**DATA:**
* * *

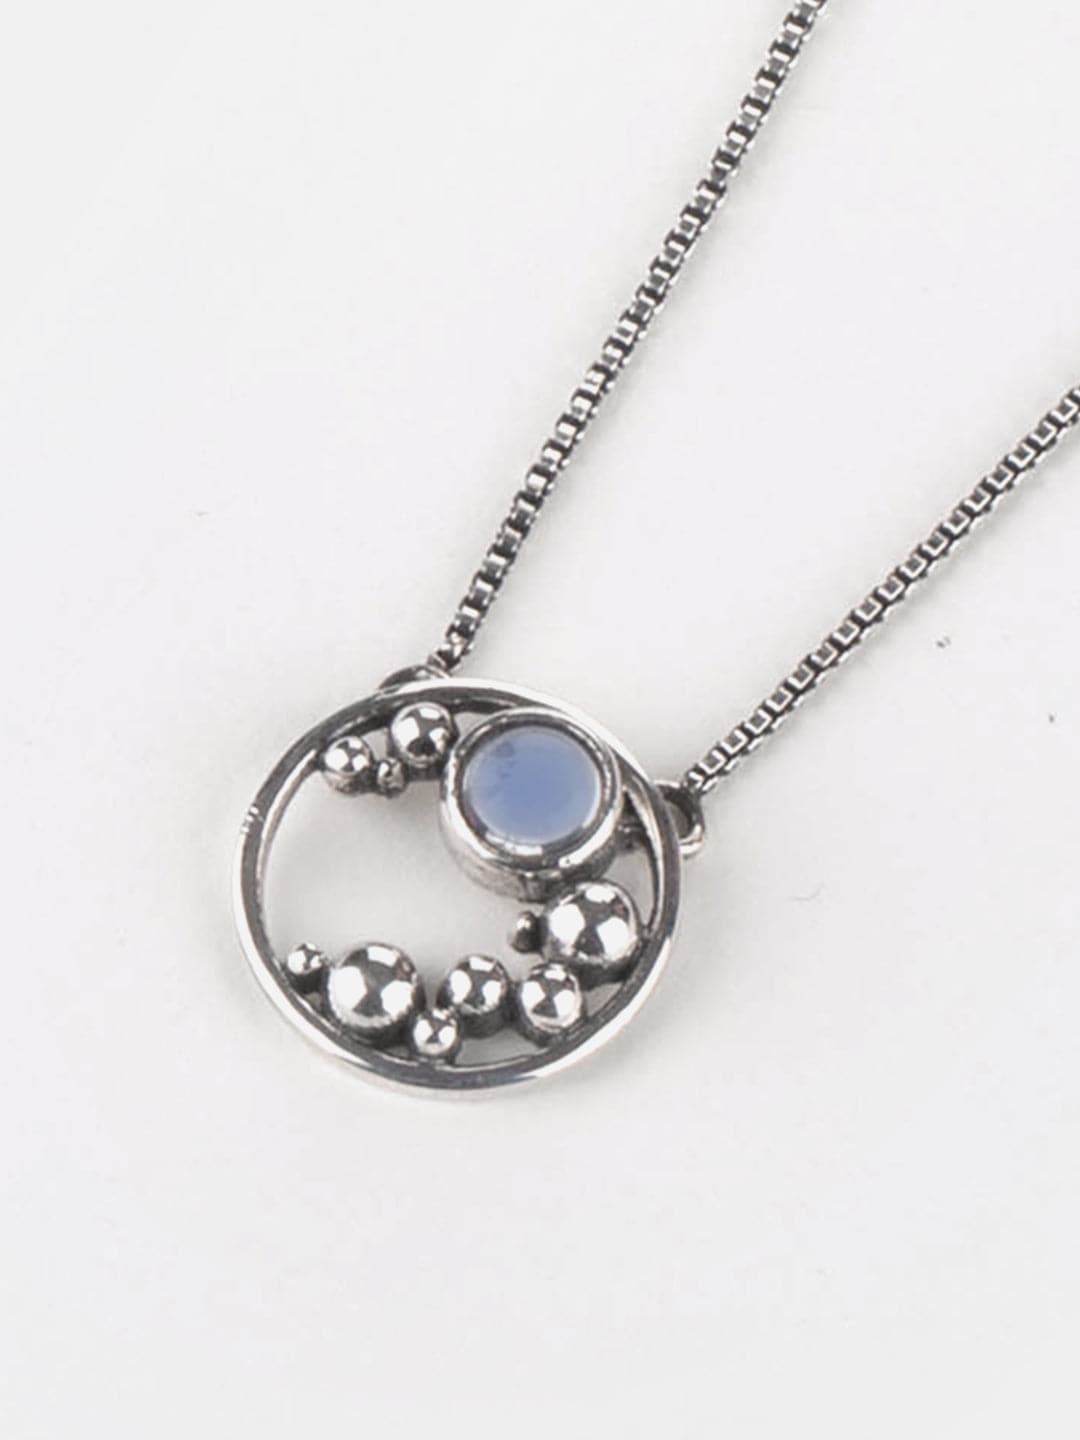 A Quiet Dawn Necklace in 925 Silver
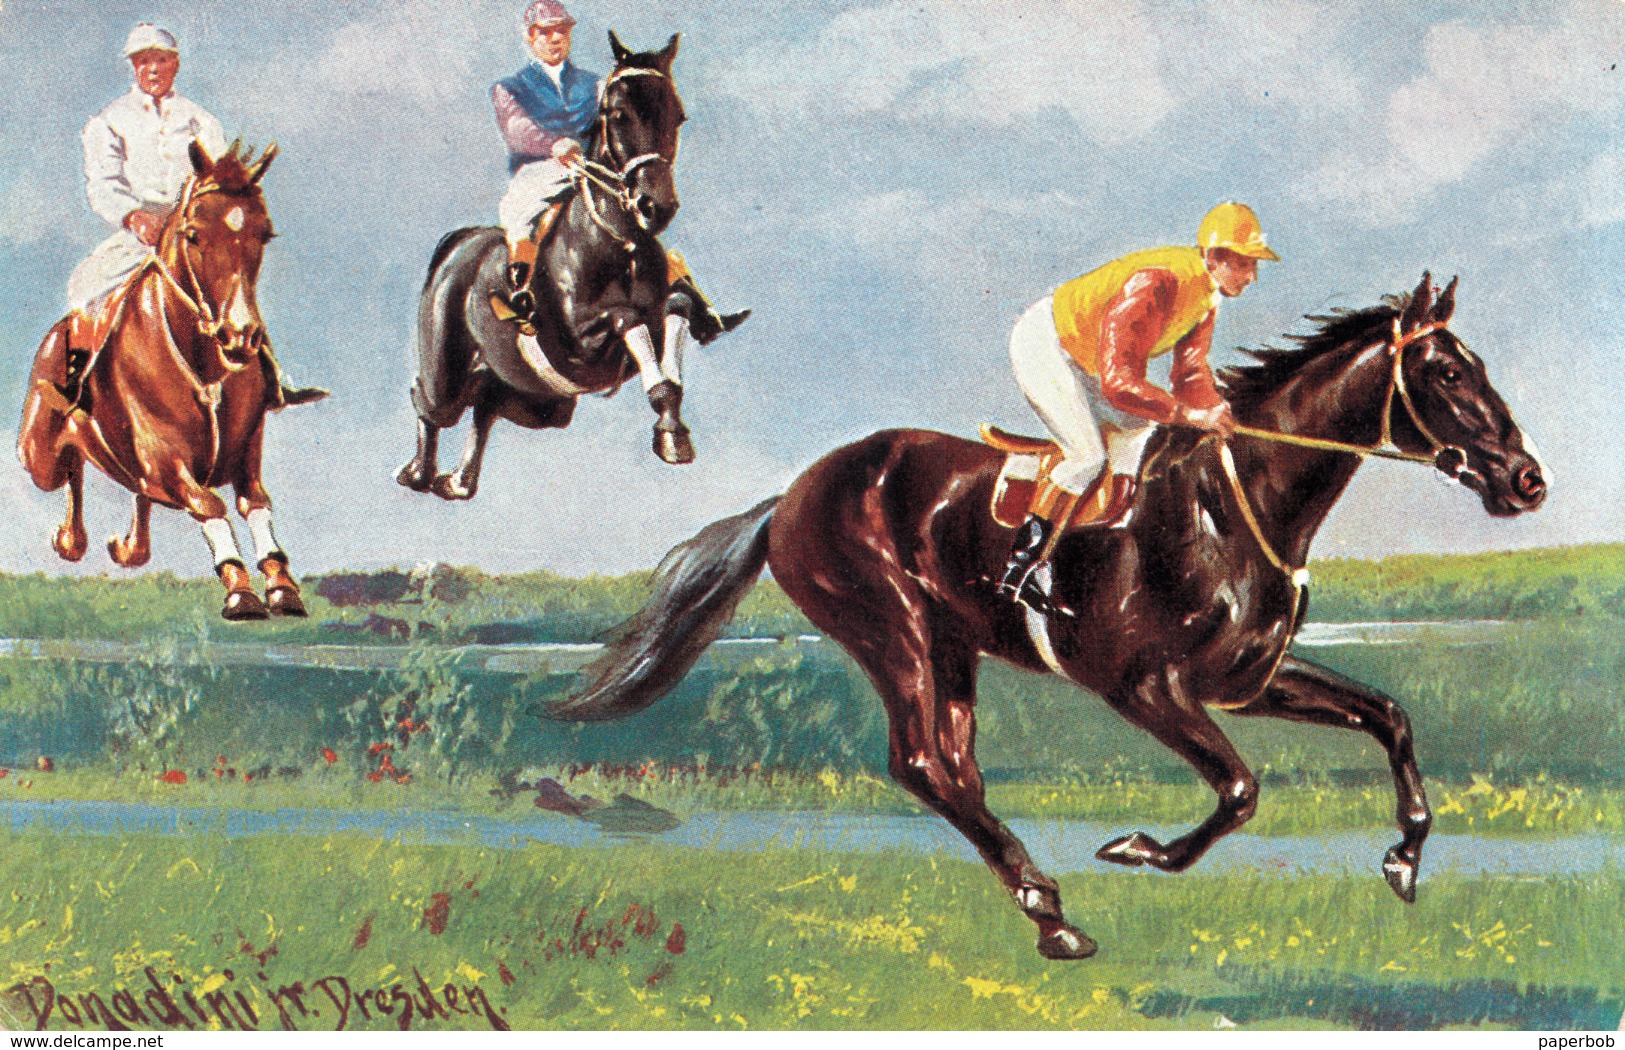 DONADINI - HORSE RACE - Donadini, Antonio
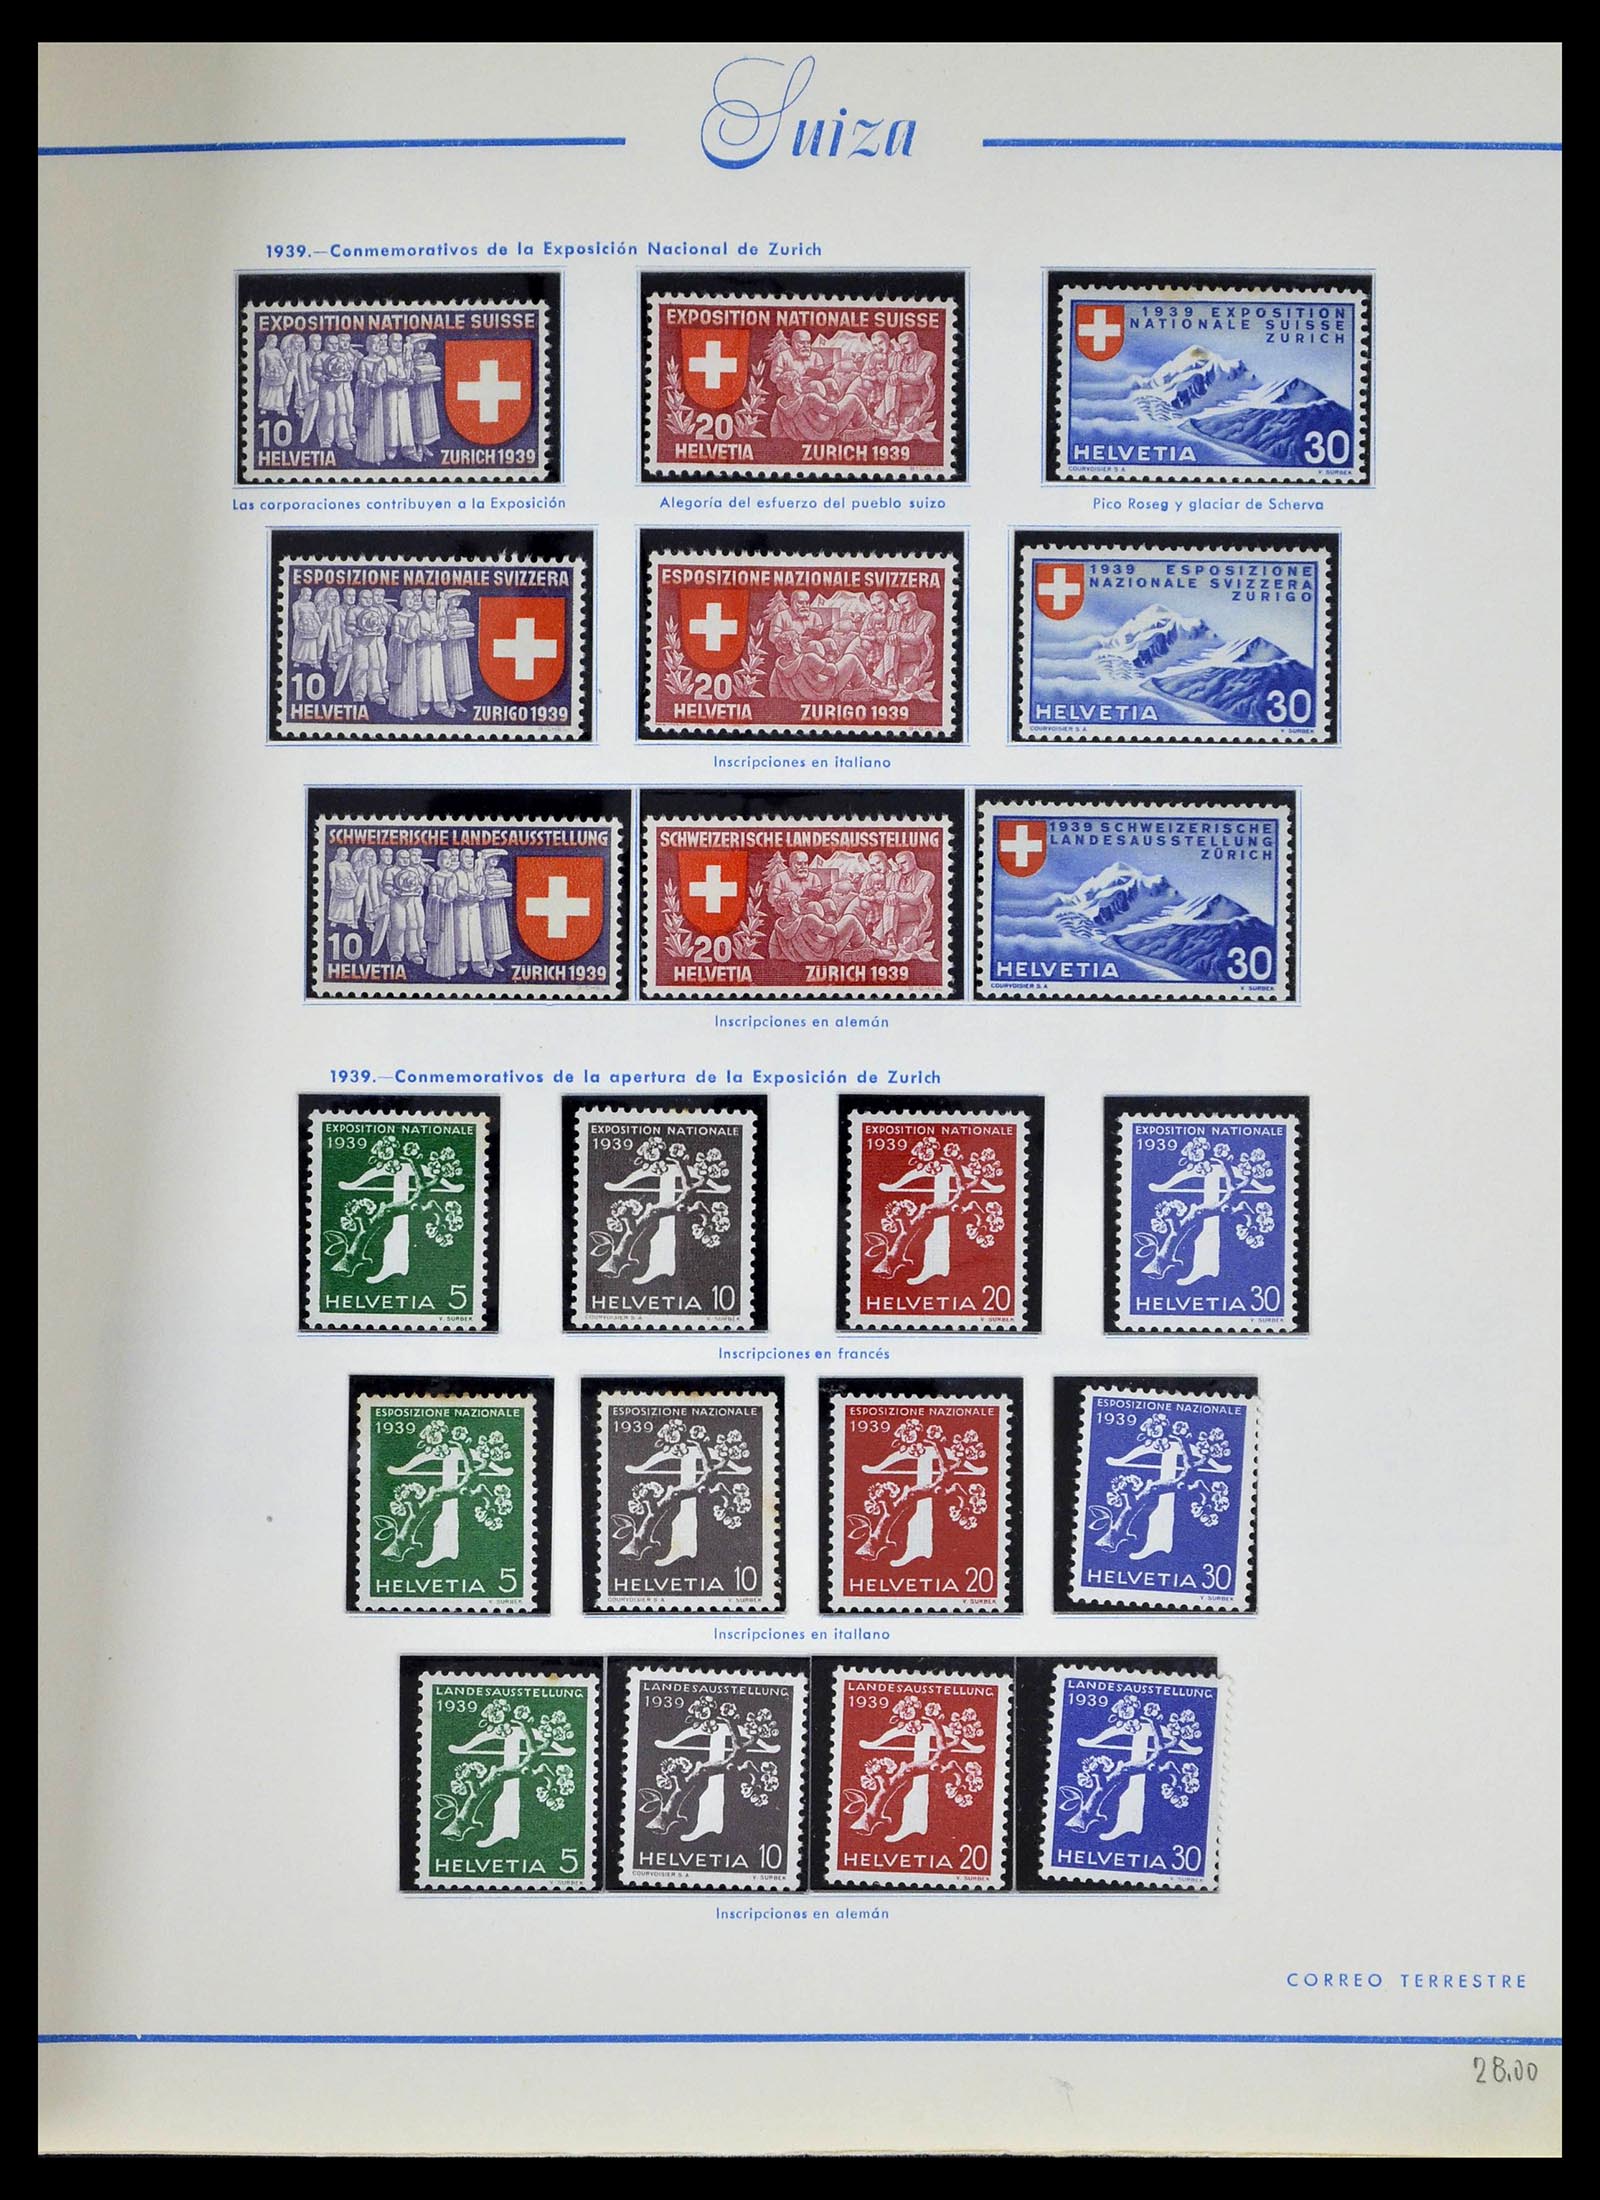 39217 0021 - Stamp collection 39217 Switzerland 1850-1986.

* * *

**ACTION ITEM:** Give the complete material again, exactly as written. Do not include the pictures.

**SOLUTION TO THIS TASK:**
 A Quiet Dawn Necklace in 925 Silver
 DONADINI - HORSE RACE - Donadini, Antonio
 39217 0021 - Stamp collection 39217 Switzerland 1850-1986.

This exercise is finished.